In 2003, I couldn't envision what I would do in 2013.
In 2013, I had no idea of what was possible in 2023.
Find yourself a Cessna project today. Or circle the runway forever. It's a choice.
One more question: how do you determine the elements needed to get you off the ground?
Oh, this is a good and challenging question to answer. It depends on the complexity level, or how complicated it is made out to be.
For instance, we used to teach how to draw perspective in the cartooning course. Just the method would take all week, and then it was so technical that we had a second week.
Was anyone good at the end of the second week?
Well, everyone was fed up with perspective and wanted to move on. Whether people got the idea or not, there was a high level of frustration. The course was revamped (and I'm fixing it again for this year), and now people can draw perspective in about 2 minutes.

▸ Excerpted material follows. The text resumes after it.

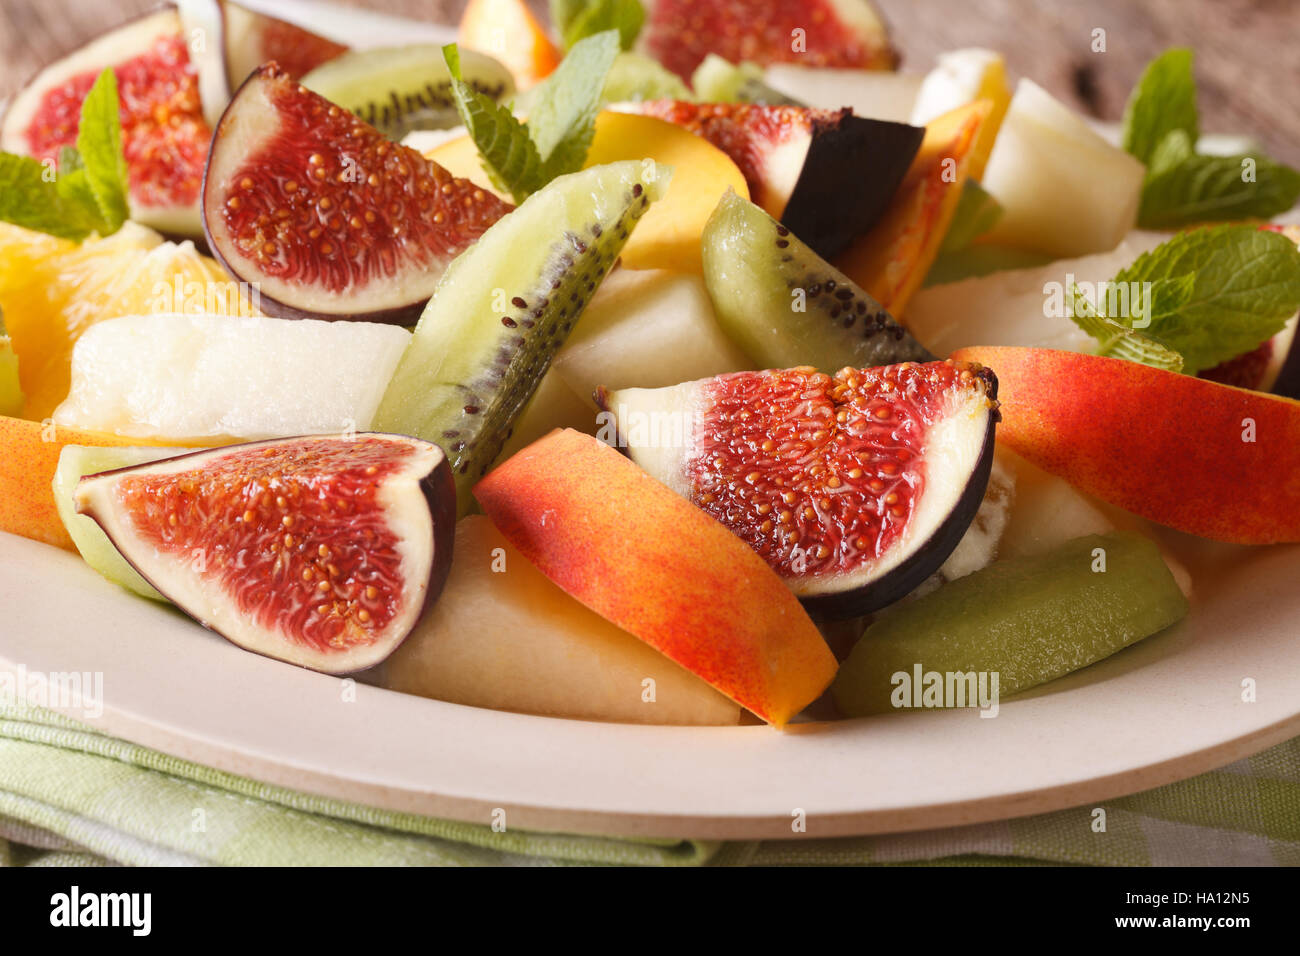 Sliced fresh fruit: figs, peaches, melons, kiwi and orange close-up on a plate. horizontal Stock Photo

When we ask how long it takes to get off the ground, the answer lies with the teacher, not the student. Most of us automatically assume that “we” have to be talented. That's not true. It's the teacher who needs to have a system.
That system should get you up and running, so the task appears easy, almost childish. If we use that benchmark of “the responsibility being with the teacher”, then most learning is rapid—a LOT of fun. In comparison, most of our knowledge is long, tedious and not a joy.
I know this is a long answer, but I wanted to give you a perspective on the problem of getting off the ground.